A field experiment was conducted during 2019-20 at the Agronomy Farm, Rajasthan College of Agriculture, Udaipur. The experiment was laid out in a RBD with three replications and twelve treatments viz. T1: Hoeings at 20 and 40 DAS, T2: Power weeding at 20 DAS + hoeing at 40 DAS, T3: Stale seedbed + two hoeings at 20 and 40 DAS, T4: Stale seedbed + power weeding at 20 DAS + hoeing at 40 DAS, T5: Stale seedbed + hoeing at 20 DAS + straw mulch at 30 DAS, T6: Stale seedbed + plastic mulch at sowing, T7: Soil solarization + two hoeings at 20 and 40 DAS, T8: Soil solarization + power weeding at 20 DAS + hoeing at 40 DAS, T9: Soil solarization + hoeing at 20 DAS + straw mulch at 30 DAS, T10: Soil solarization + plastic mulch at sowing, T11: Weed free check and T12: Weedy check.

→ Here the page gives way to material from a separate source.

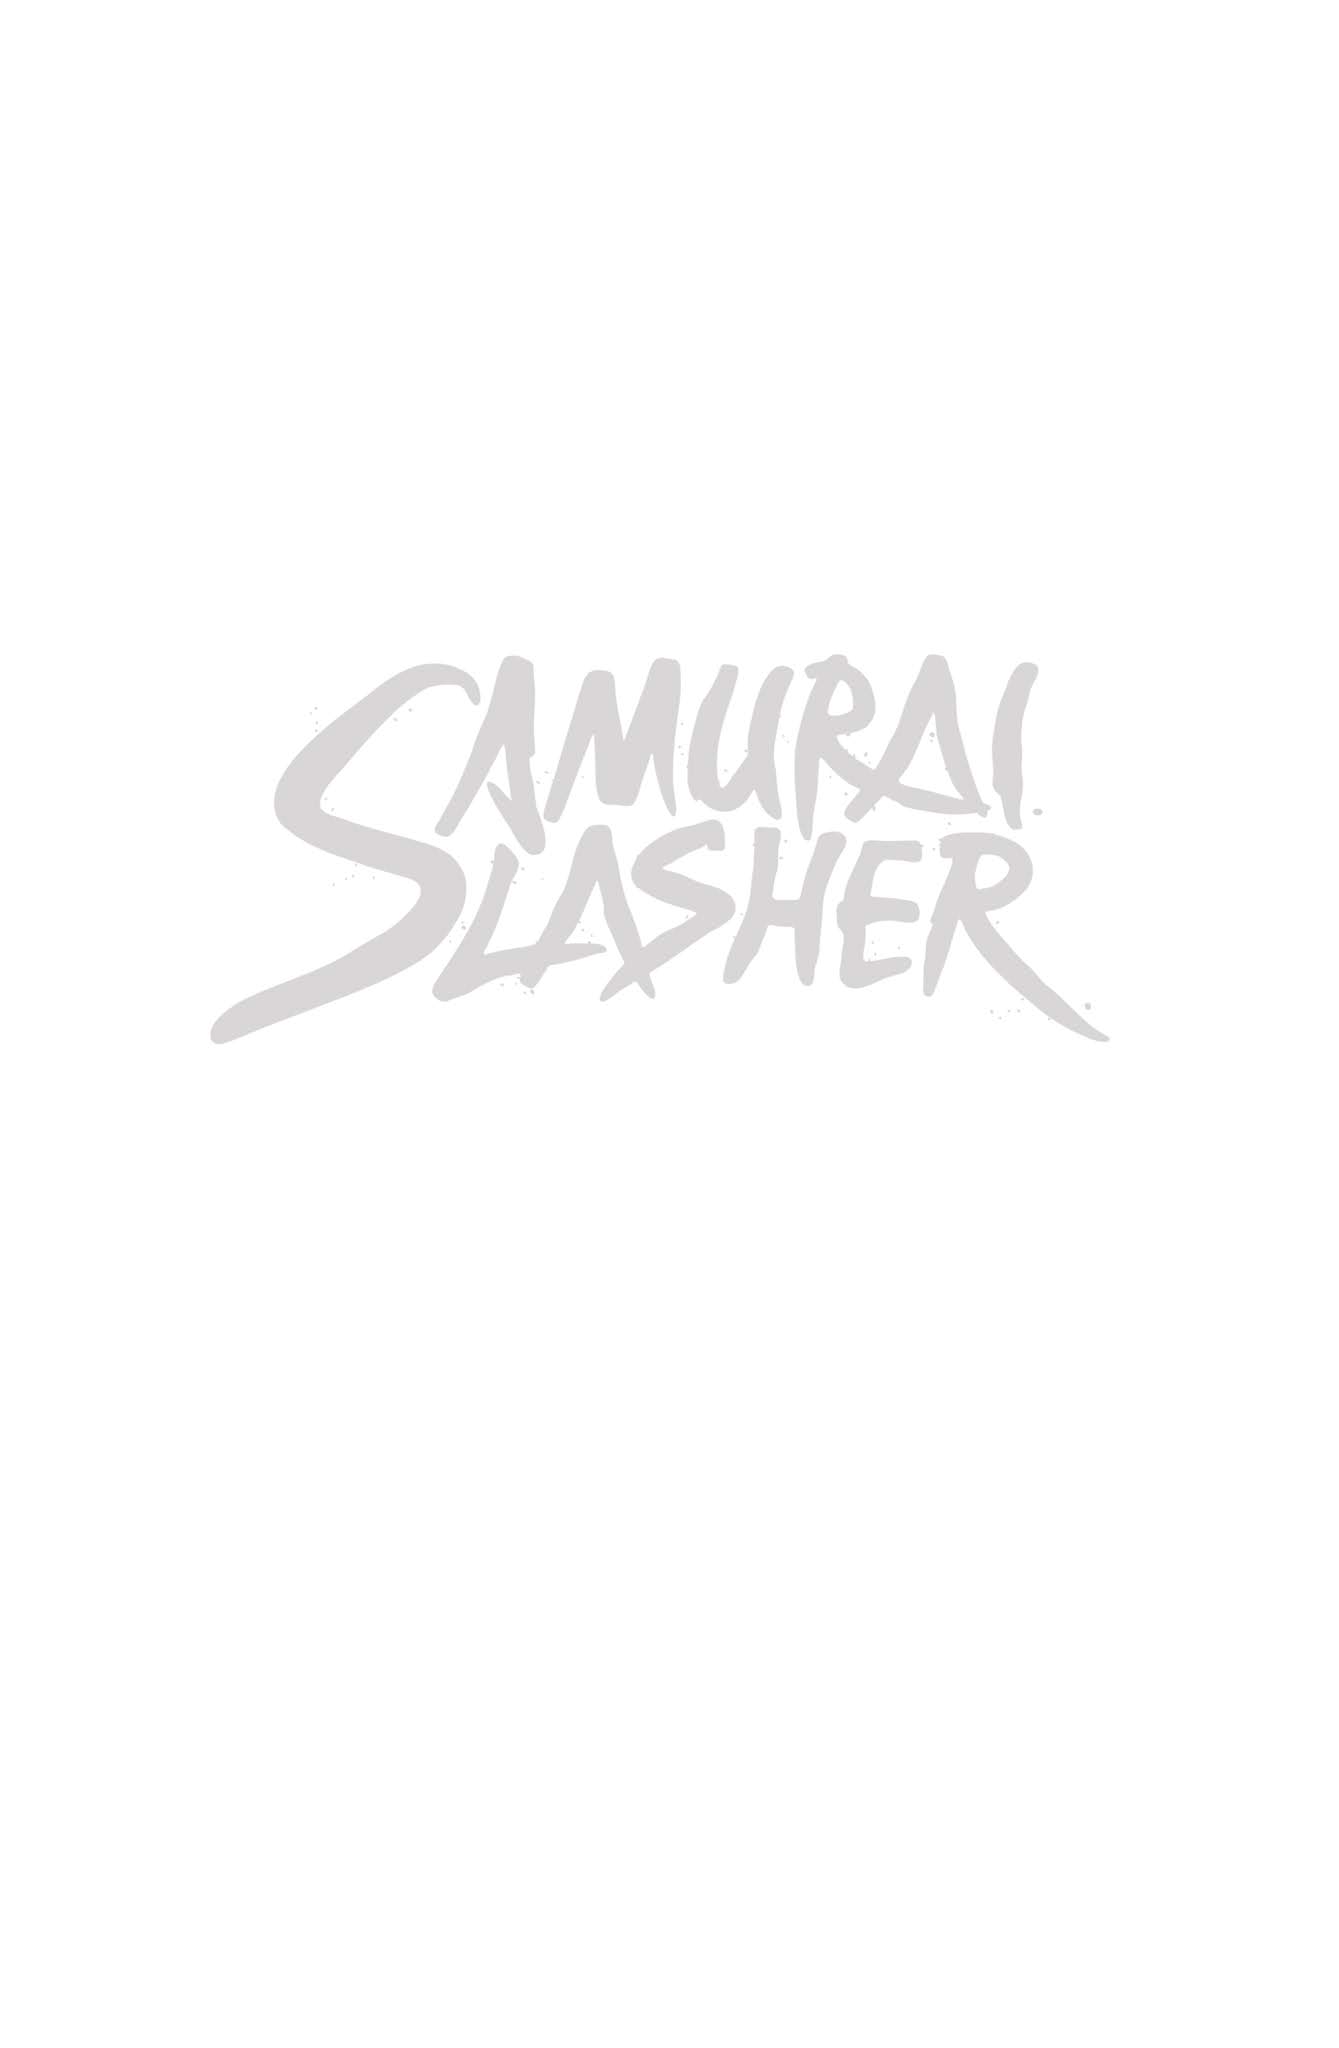 Read online Samurai Slasher comic -  Issue # TPB 2 - 13

On the basis of experiment result it was revealed that T10 and T6 at all stages of observation and T9 and T5 at 30 DAS and T11 up to 50 DAS were the most effective treatment in reducing weed density and weed dry matter accumulation as compared to other treatments. Like weed dry matter accumulation T10 and T6 gave 100 per cent weed control efficiency at all stages of observation. The highest green cob and fodder yield were recorded in T10 (12.97 and 26.32 tonnes ha-1) which was statistically at par with T9 (12.77 and 24.57 tonnes ha-1, respectively).